What the exercise asks: Reprint the lines below as they are, minus the pictures.
Collected material START
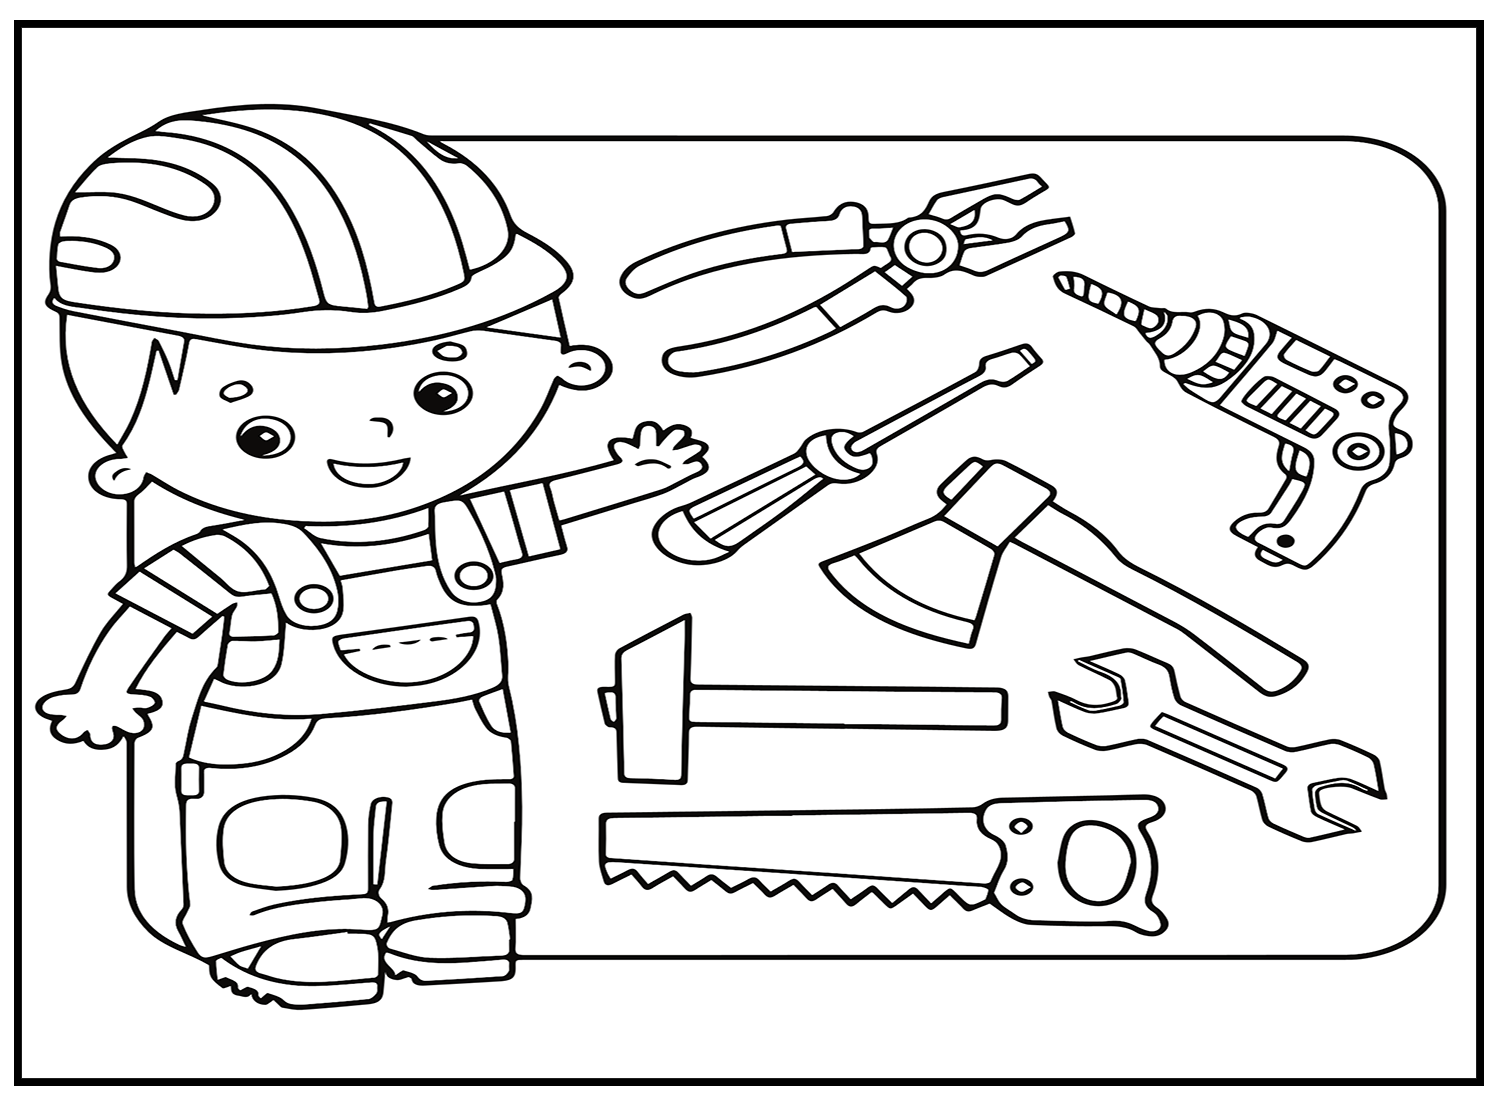 Technician And Wrench Coloring Pages
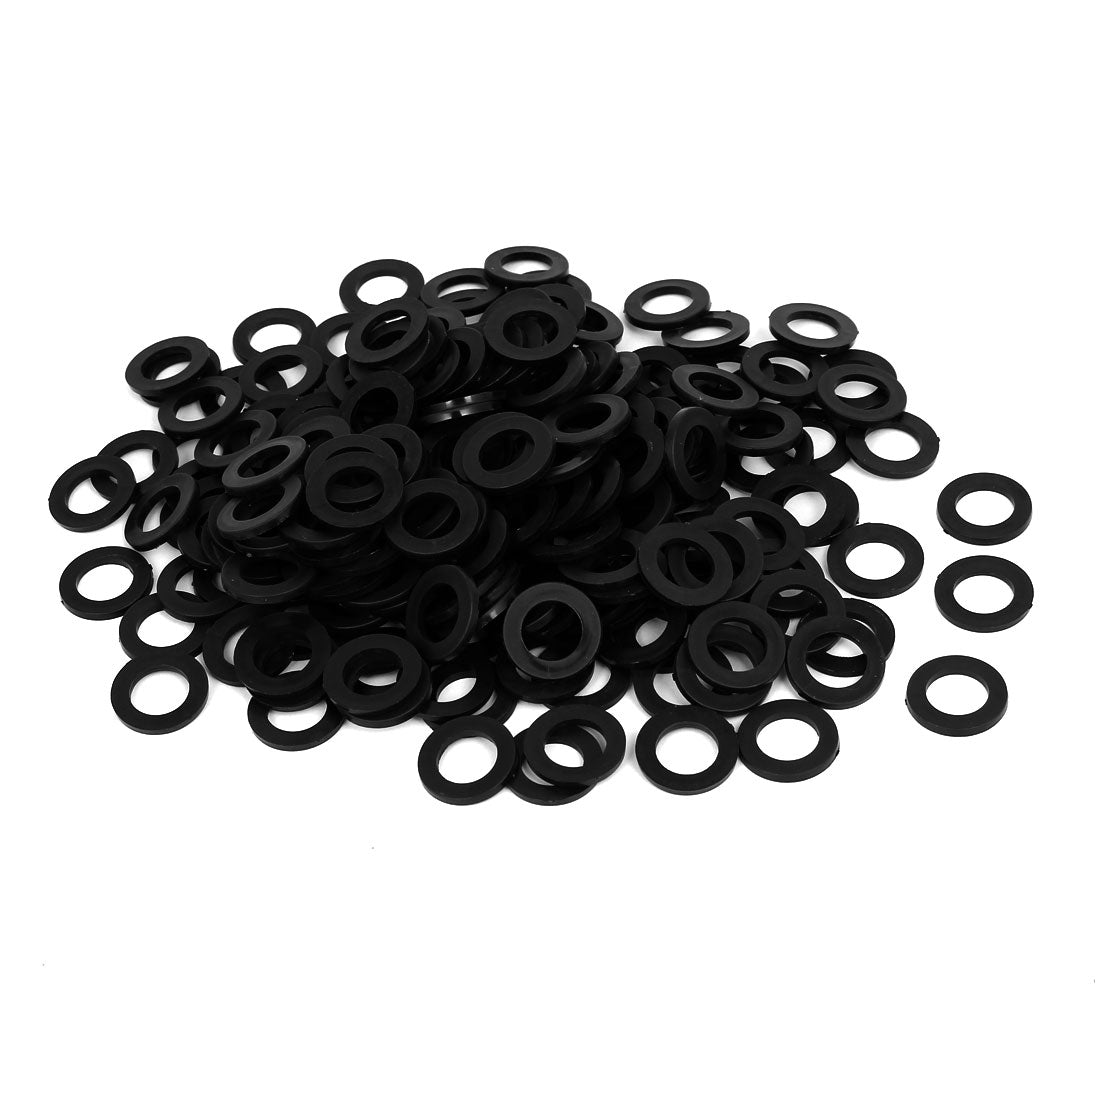 Uxcell Uxcell 4mm x 10mm x 1mm Nylon Flat Insulating Washers Gaskets Spacers Black 300PCS
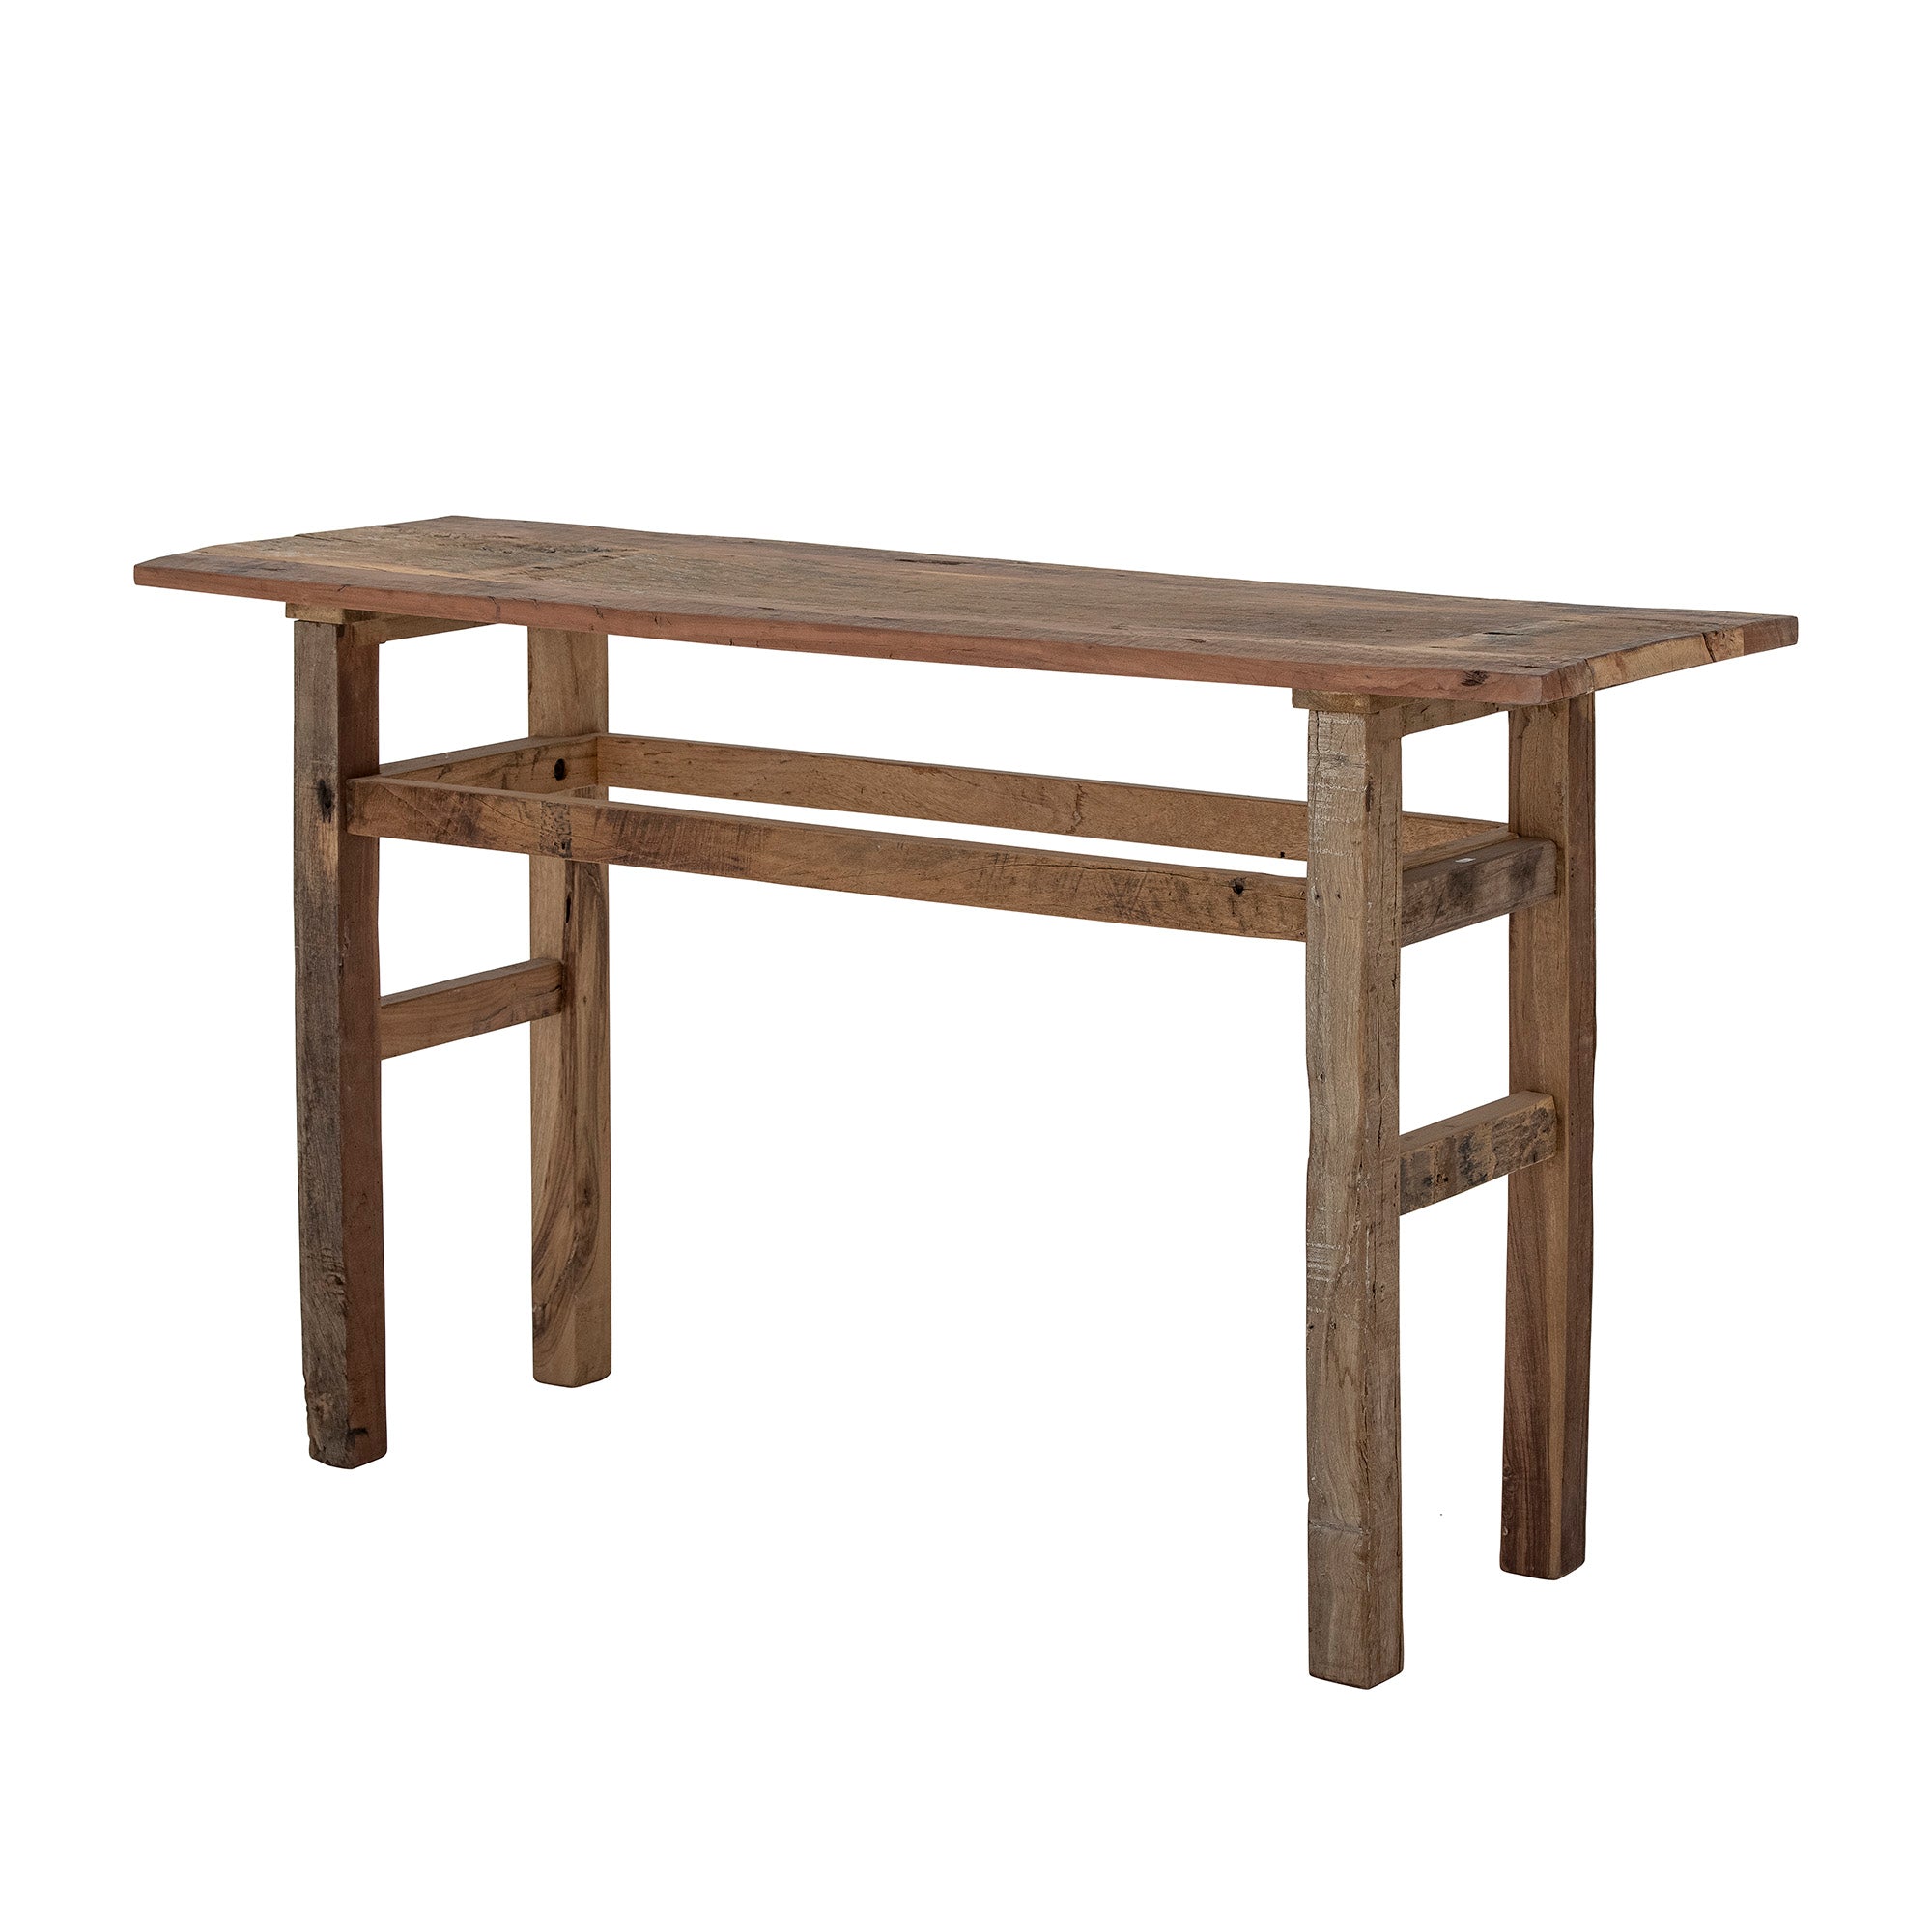 Large Rustic Country Console Table 70% off in our Black Friday sale!
Collected material END
Your solution:
 Technician And Wrench Coloring Pages
 Uxcell Uxcell 4mm x 10mm x 1mm Nylon Flat Insulating Washers Gaskets Spacers Black 300PCS
 Large Rustic Country Console Table 70% off in our Black Friday sale!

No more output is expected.